**** Information shown ****
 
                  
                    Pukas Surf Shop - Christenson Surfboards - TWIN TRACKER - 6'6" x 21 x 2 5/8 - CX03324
****
**** Information shown ****
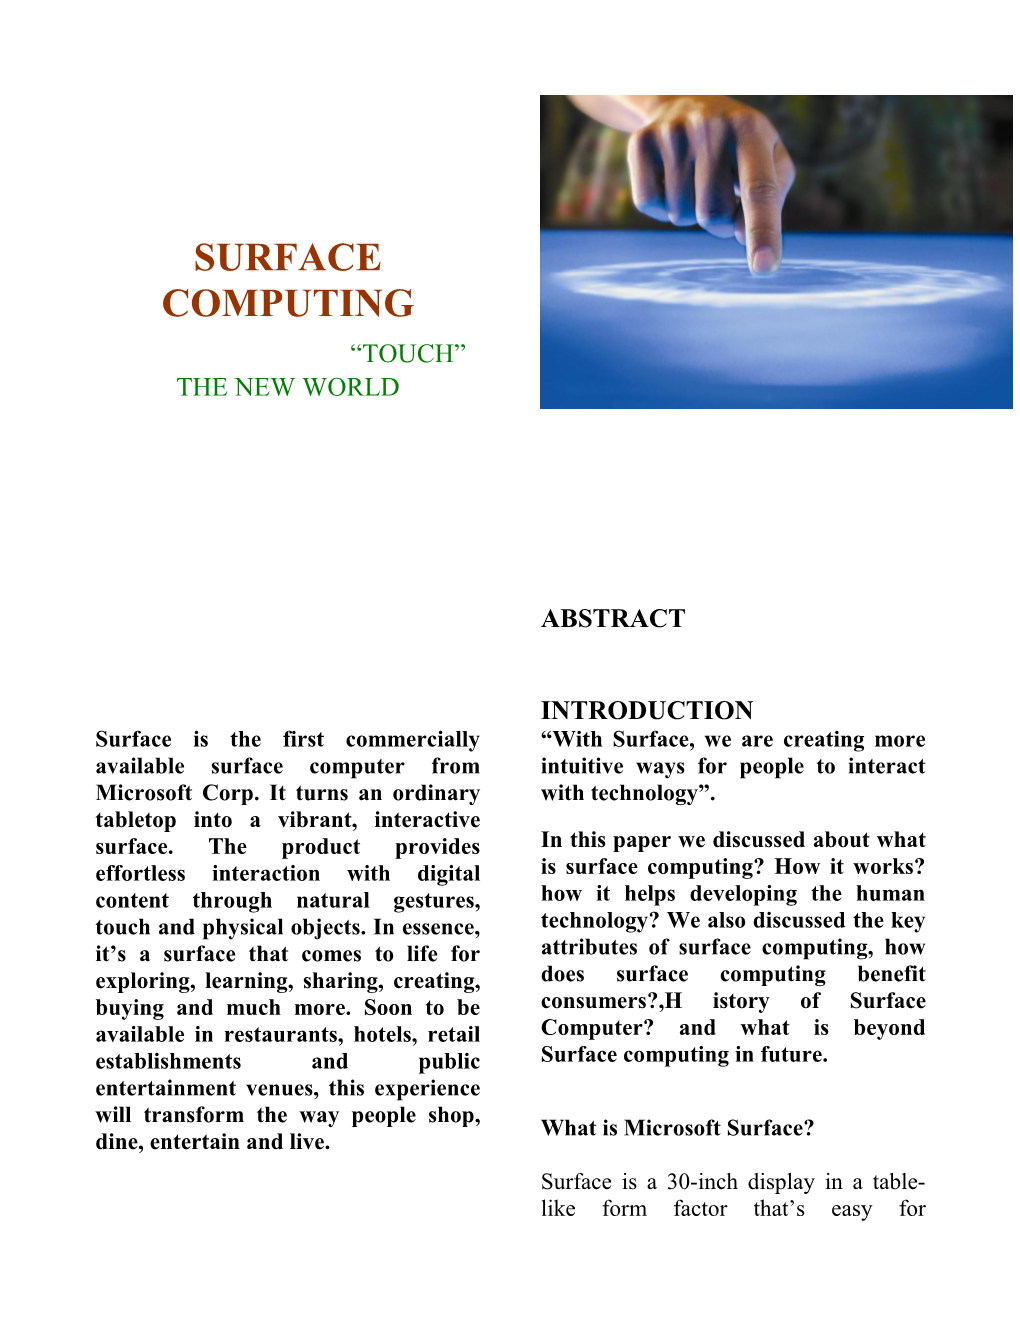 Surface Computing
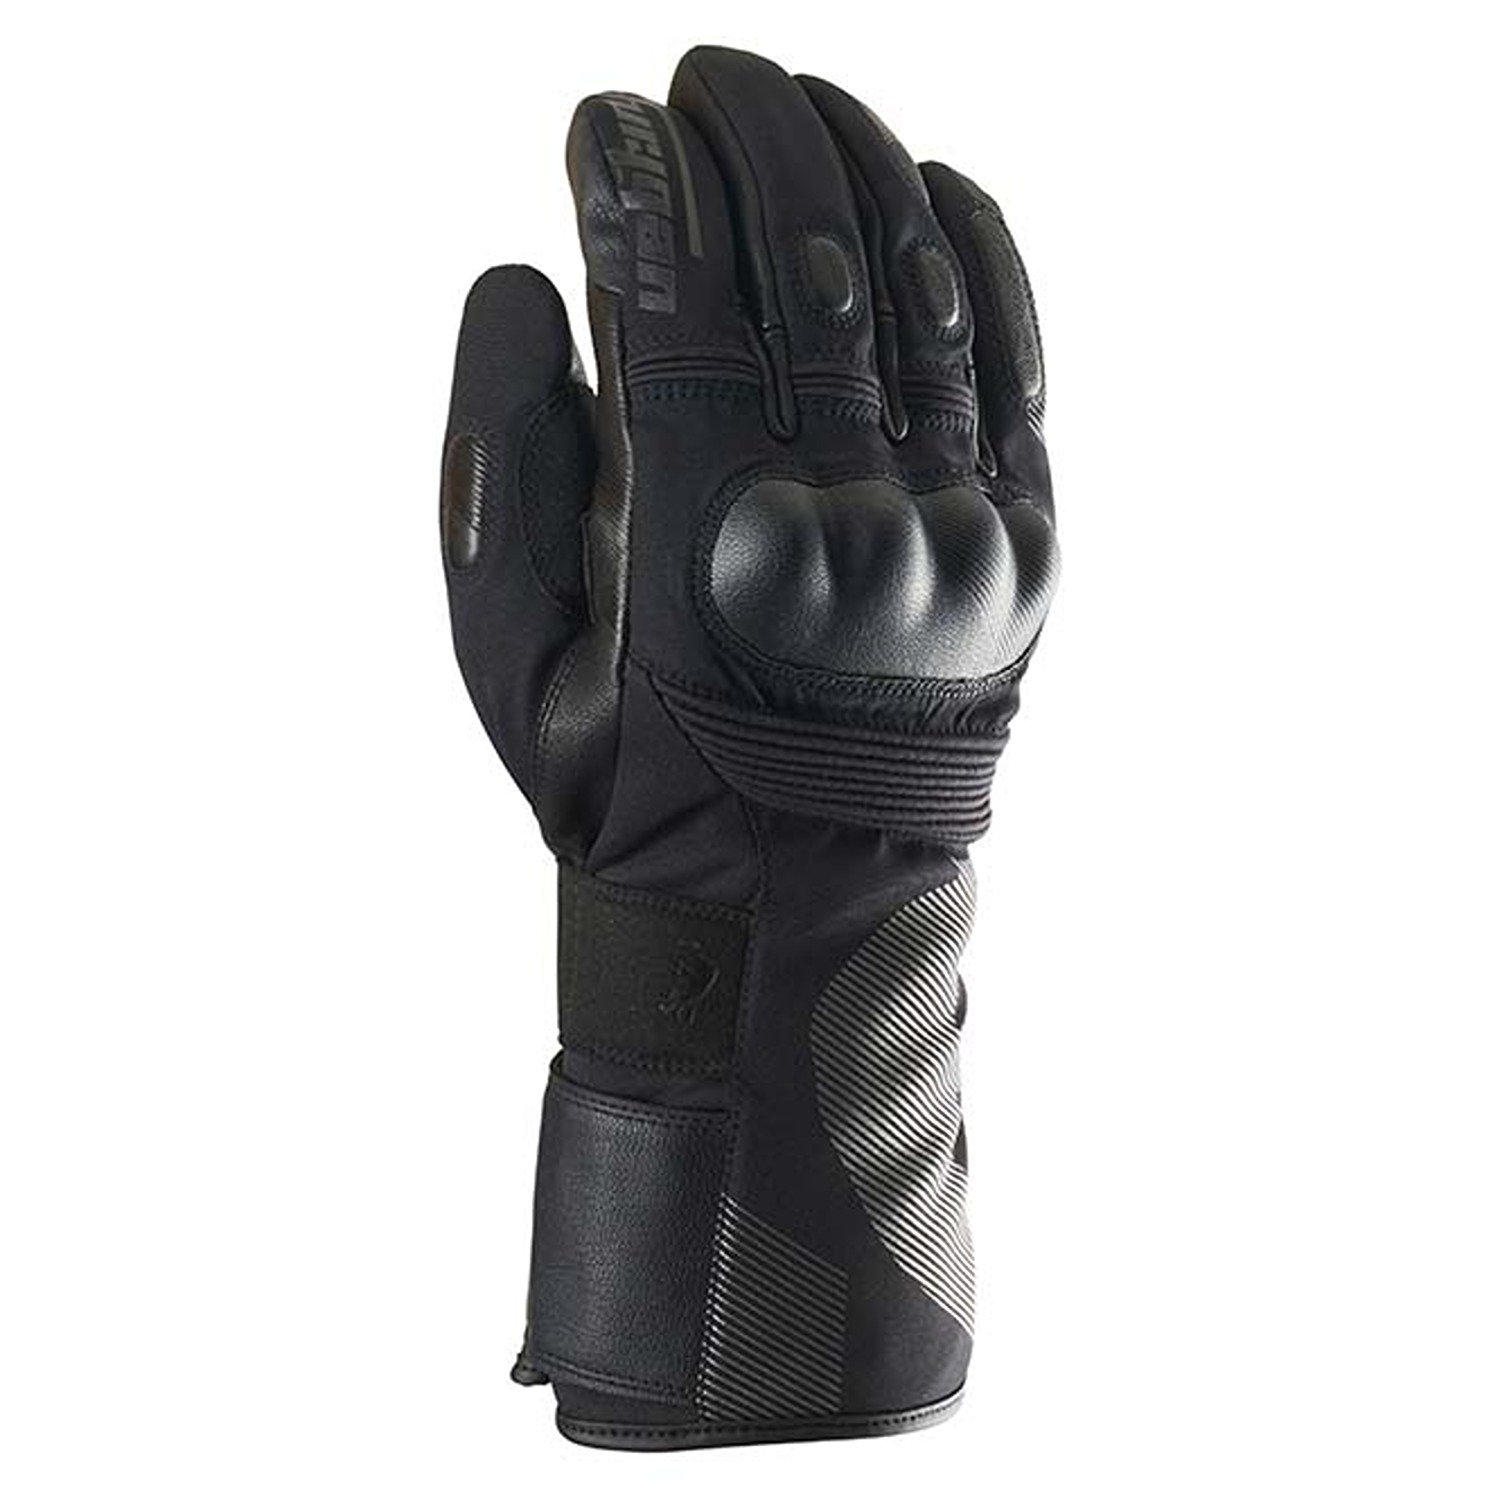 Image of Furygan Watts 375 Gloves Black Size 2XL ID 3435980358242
****
■ **Exercise goal**
Everything above from the line that has "Surface Computing" down to the line that has "Image of Furygan" should be output exactly, with both of those lines included. Leave the pictures behind.

■ **Exercise solution**
 Surface Computing
 Image of Furygan Watts 375 Gloves Black Size 2XL ID 3435980358242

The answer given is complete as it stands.